A Recipe to Convert Existing Models Into Fine-Tuned BitNet
The Weekly Salt #92
This week, we review:
⭐QueST: Incentivizing LLMs to Generate Difficult Problems
BitNet Distillation
LLMs Can Get “Brain Rot”!
⭐QueST: Incentivizing LLMs to Generate Difficult Problems
QueST tackles a familiar bottleneck: we don’t have enough truly hard coding problems to keep training reasoning-heavy models moving. Instead of mining or lightly mutating old tasks, the authors train a generator that’s explicitly rewarded for producing problems that are hard for strong solvers, and then use those problems to teach smaller models.
First, difficulty-aware graph sampling searches over structured templates, so the generator spends time where tough instances are likely. Second, difficulty-aware rejection fine-tuning feeds back a signal that prefers problems that models actually struggle with, pushing the generator toward higher-yield regions of the space. Together, the generator becomes a specialist in hard problem creation rather than a general instruction writer.
They then put the data to work in two common pipelines. In distillation, QueST problems are paired with long teacher rationales to train smaller students. In reinforcement learning, the same problems drive updates directly toward better reasoning. In both cases, the claim is that QueST’s “hard on purpose” problems produce larger downstream gains than problems sourced from a general model like GPT-4o.
Numbers worth noting: fine-tuning Qwen3-8B-base on 100k QueST problems beats the vanilla model on LiveCodeBench. Adding ~112k more examples, 28k human problems plus multiple synthetic solutions, yields an 8B student that reportedly matches a far larger DeepSeek-R1-671B on the same benchmark.
BitDistill is about turning ready FP16 backbones into ternary 1.58-bit models that keep task accuracy while cutting memory and boosting CPU throughput. I explained BitNet in this article (The Kaitchup):
Direct FP16 to 1.58-bit fine-tunes struggle and the gap widens with scale. BitDistill reframes the path so you do not need to pre-train a BitNet from scratch to get usable downstream models.

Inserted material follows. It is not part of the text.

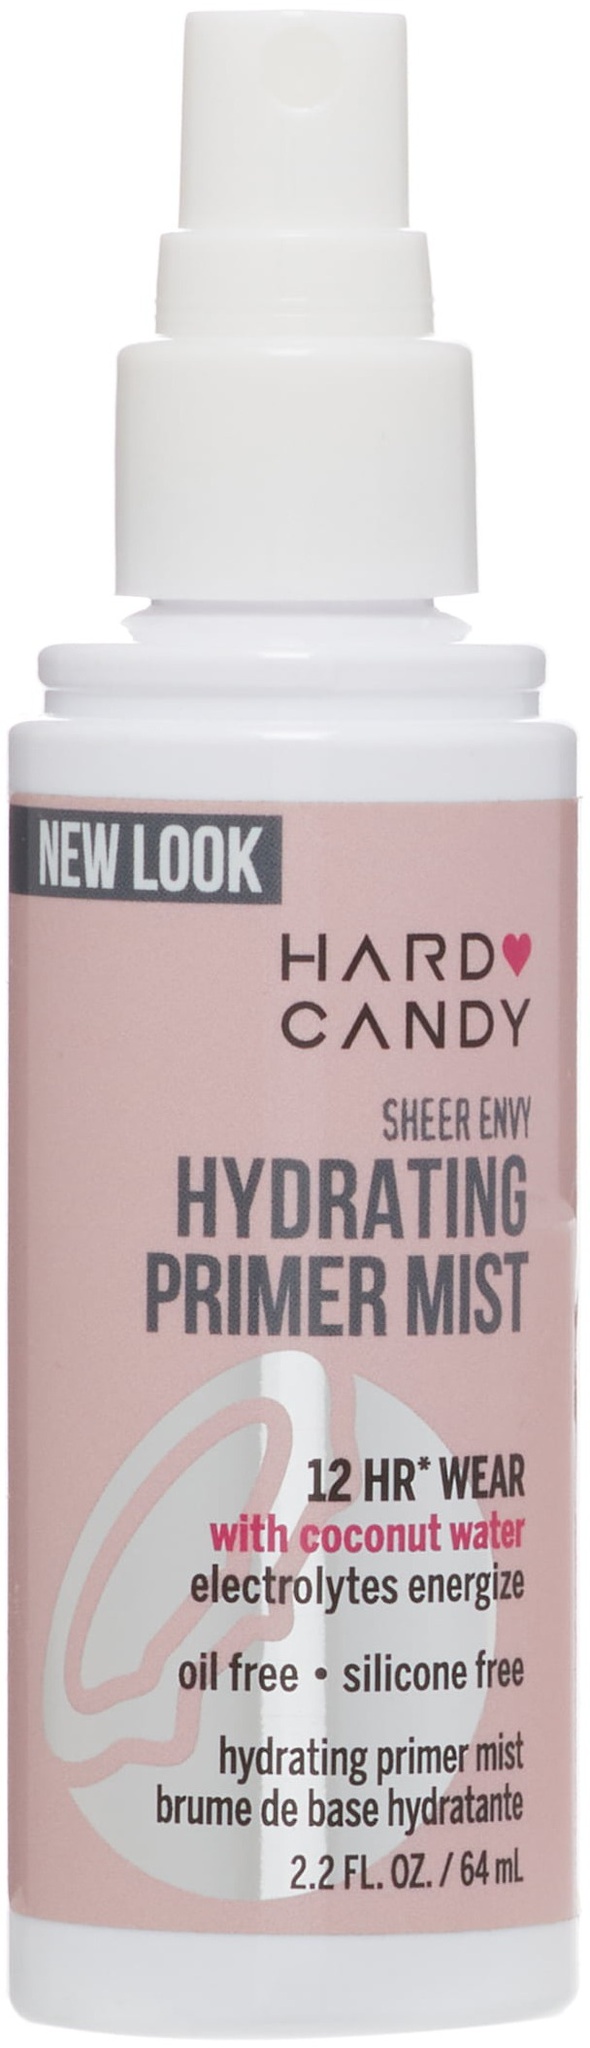 Hard Candy Sheer Envy Hydrating Primer Mist

First, add SubLN before the MHSA and FFN output projections to stabilize activations where ternary projections are touchy.
Second, run a short continue-pretrain on a small corpus to improve weight distributions toward a BitNet-friendly shape.
Third, fine-tune on the task with two signals at once. Use standard logits distillation and an attention-relation loss from MiniLM, applied to a single late layer rather than all layers. That choice consistently helps the ternary student optimize.
Compared to naive 1.58-bit fine-tuning, BitDistill closes the accuracy gap to FP16 across 0.6B, 1.7B, and 4B settings on classification and summarization while keeping the system wins that make BitNet attractive. On CPU with 16 threads, they report about 2.65x tokens per second and roughly 10x lower memory than FP16.
If you keep pretraining on junk web text, do LLMs get worse in ways that matter?
The authors build two controlled Twitter datasets that isolate what they call junk along two axes.
M1 captures engagement patterns with short and highly popular posts. M2 targets semantic low quality like sensational phrasing (quite common on Twitter/X…). They match token count and training steps against a control set. The result is a causal story rather than a loose correlation. Models continually exposed to the junk sets show lasting drops in reasoning, long context retrieval, and safety.
Chains of thought get truncated or never start. Error forensics on ARC show most failures fall into no thinking, no plan, or skipped steps, rather than subtle logic slips. That makes the decline visible in the transcript and not only in the score. The popularity signal in M1 comes out as the sharper toxin for reasoning, while extreme brevity hits long context tracking. This split matters because it says length and popularity drive different kinds of damage.
As the junk share goes from zero to full, ARC Challenge with chain of thought drops from the high seventies to the high fifties (that’s very low for ARC). RULER long context tasks show similar falls, with multi key retrieval hurt the most.
Mitigation is only partly effective. The team tries reflective prompting and it helps only when a stronger external model supplies the critique. They also scale instruction tuning and a clean continue pretrain. Scores recover a chunk yet never fully return to baseline, even when the post hoc tuning uses far more tokens than the junk exposure. The paper reads this as representational drift rather than a formatting issue. If true, routine “cognitive health checks” during deployment stop being optional.
Interestingly, they also found that junk exposure shifts model personality traits. Under M1, the model tilts upward on psychopathy and narcissism while agreeableness drops. The same trend is weaker or mixed for M2. I would not over index on these trait labels, but the direction aligns with the safety results and with the idea that low friction engagement content rewards fast takes over careful reasoning. The safer read is that engagement driven corpora are not neutral. They pull models toward shortcuts that later show up as refusals, jailbreak risk, and sloppy plans.